**Instructions for the task**
The copy has to match the data exactly and leave out every picture.

___ Data excerpt

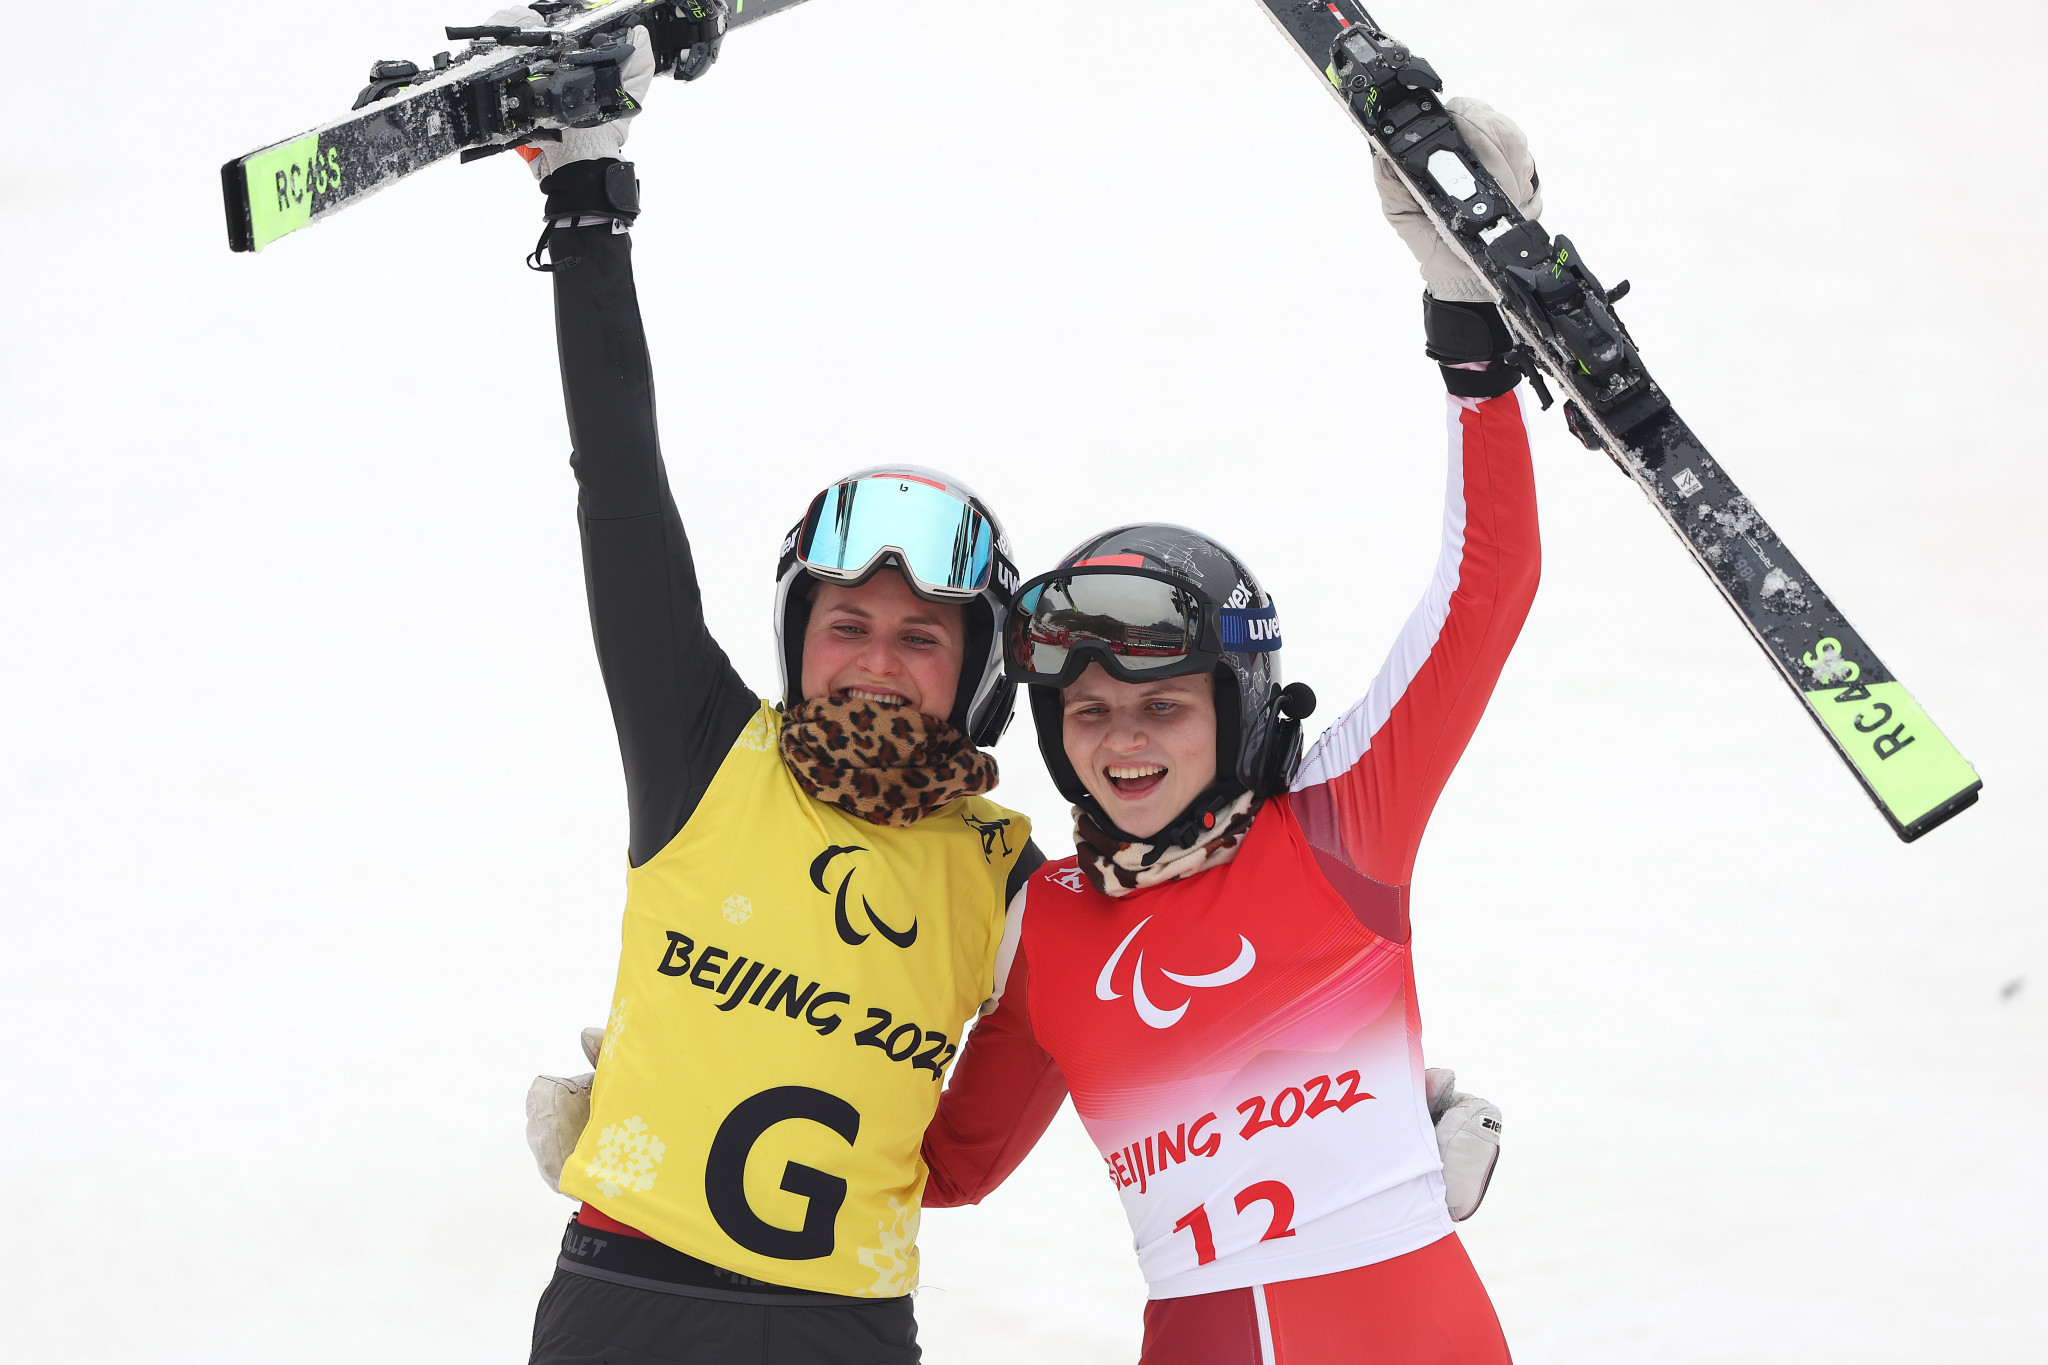 Austrian Paralympians receive medal awards after Beijing 2022 success
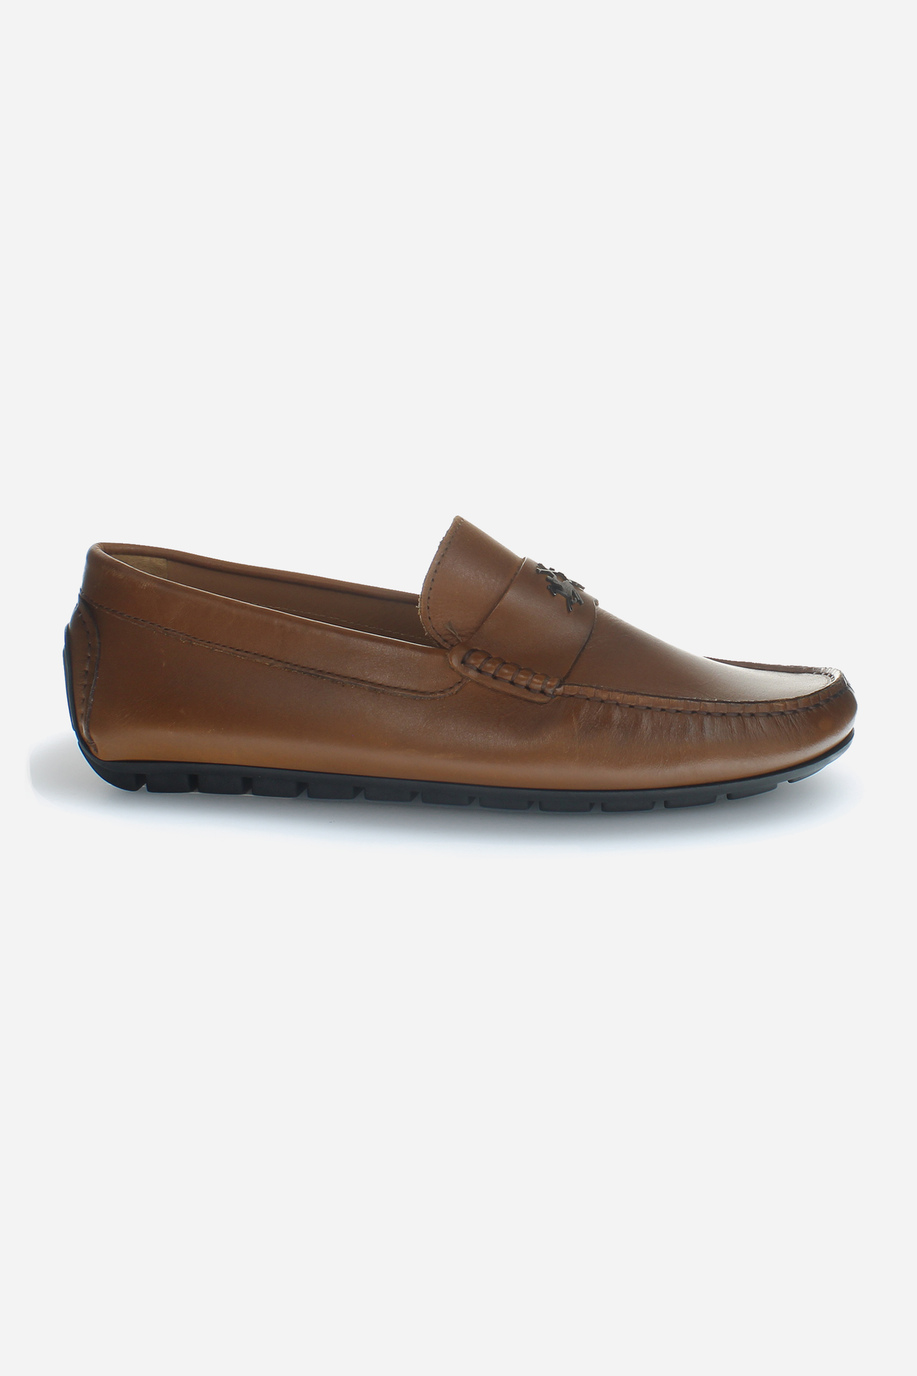 Calfskin leather moccasins - Formal Shoes | La Martina - Official Online Shop
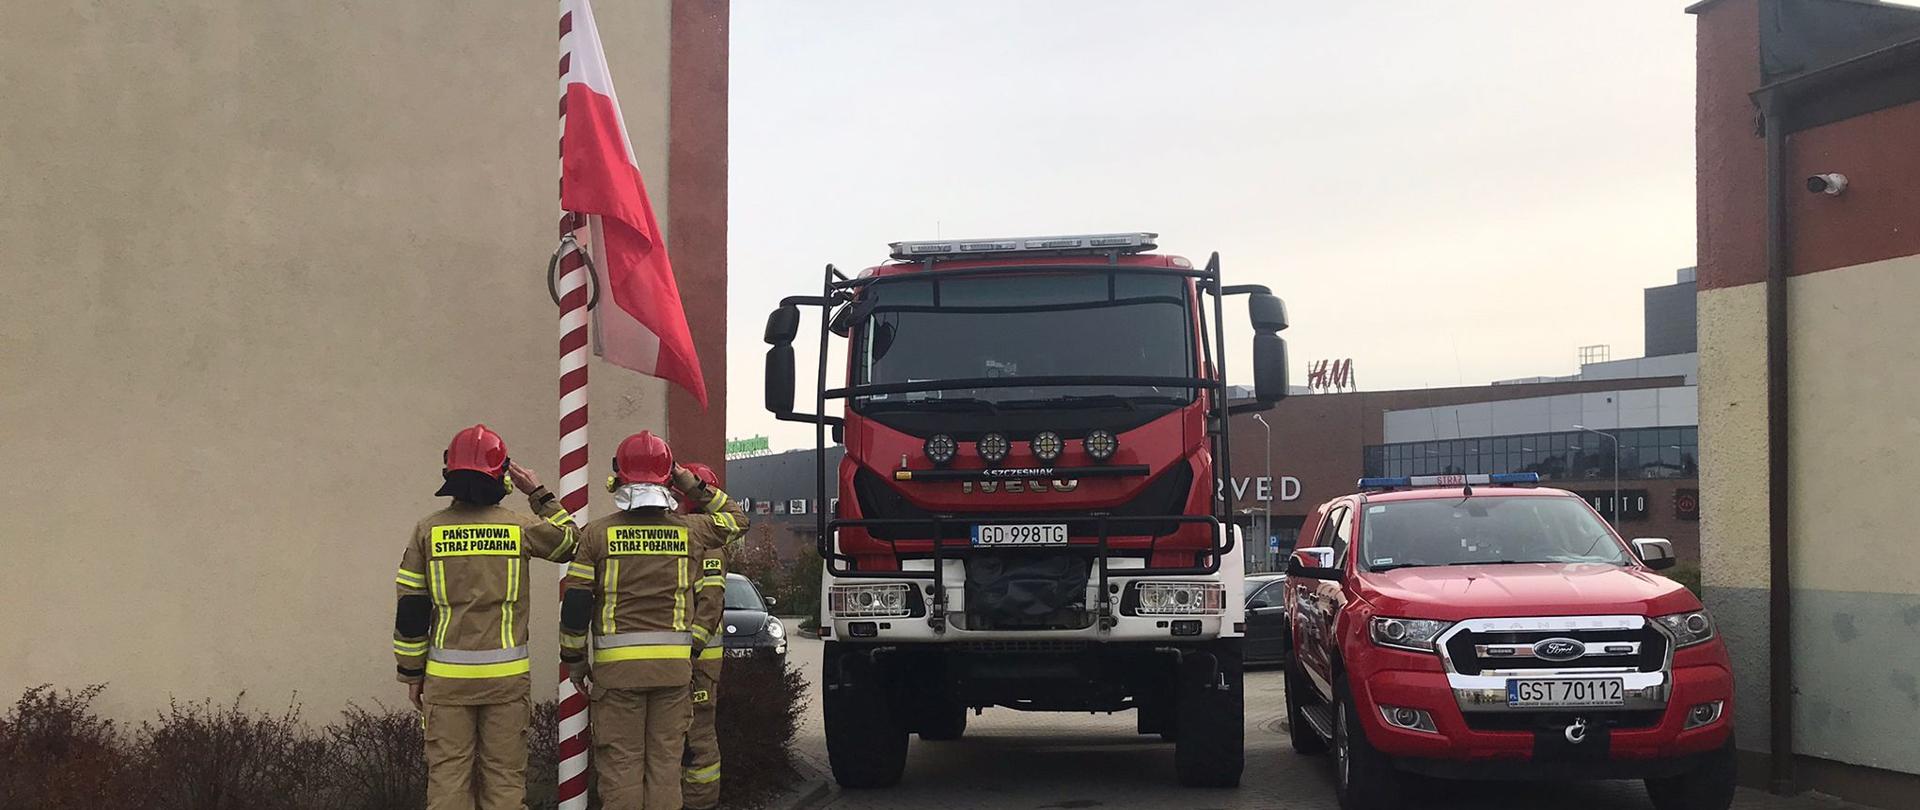 Zdjęcie przedstawia uroczyste podniesienie flagi, poczet flagowy stoi tyłem, po prawej stronie samochody strażackie, flaga państwowa wciągana jest na maszt
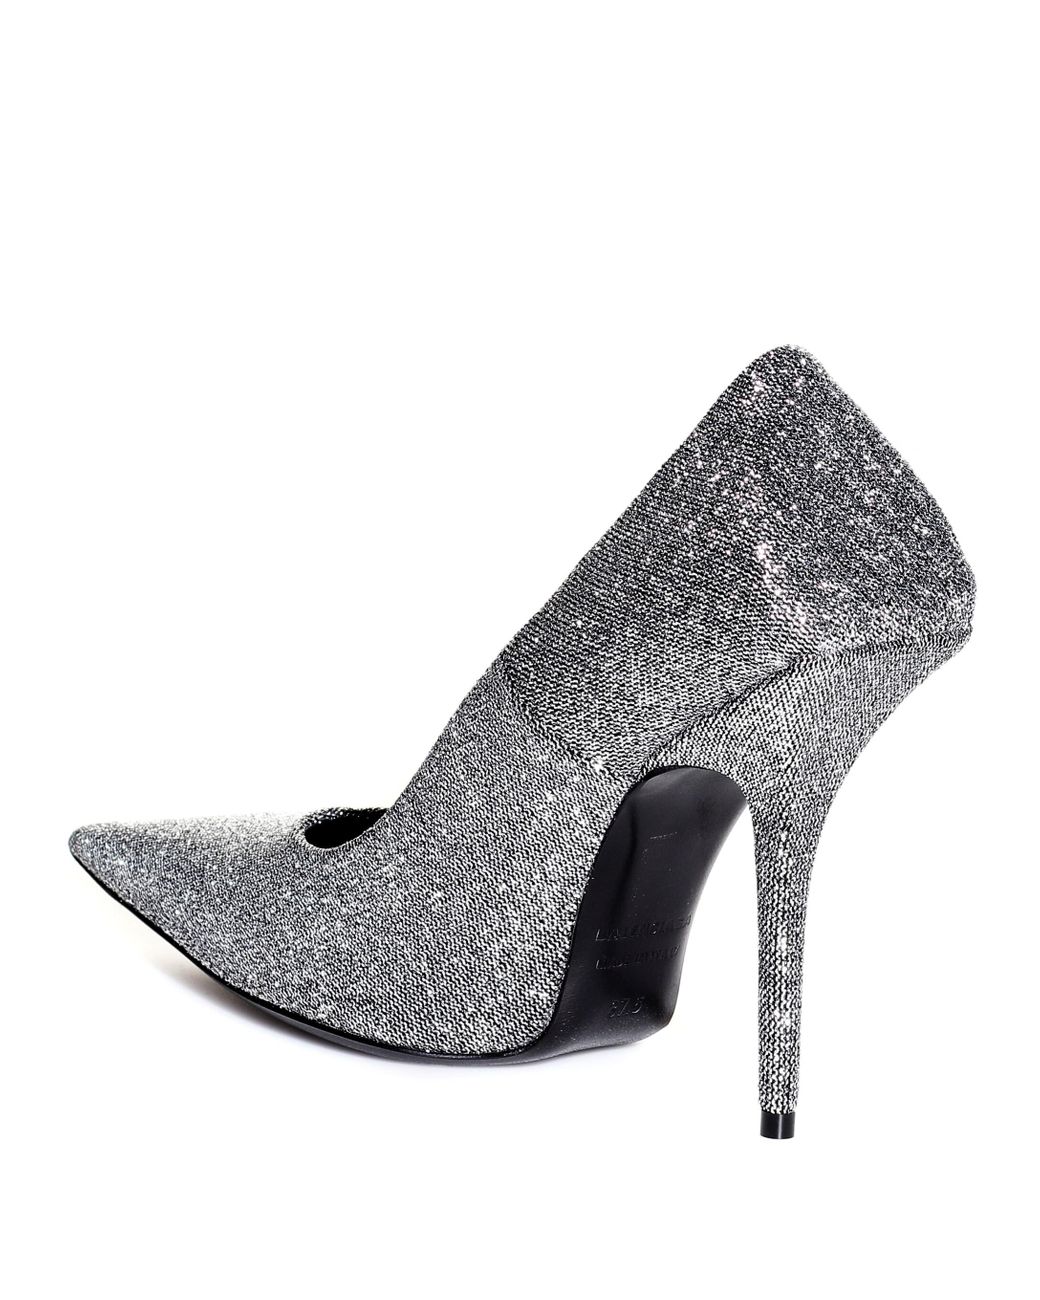 balenciaga sparkly heels

______

**Task response**
 Austrian Paralympians receive medal awards after Beijing 2022 success
 Calfskin leather moccasins - Formal Shoes | La Martina - Official Online Shop
 Zdjęcie przedstawia uroczyste podniesienie flagi, poczet flagowy stoi tyłem, po prawej stronie samochody strażackie, flaga państwowa wciągana jest na maszt
 balenciaga sparkly heels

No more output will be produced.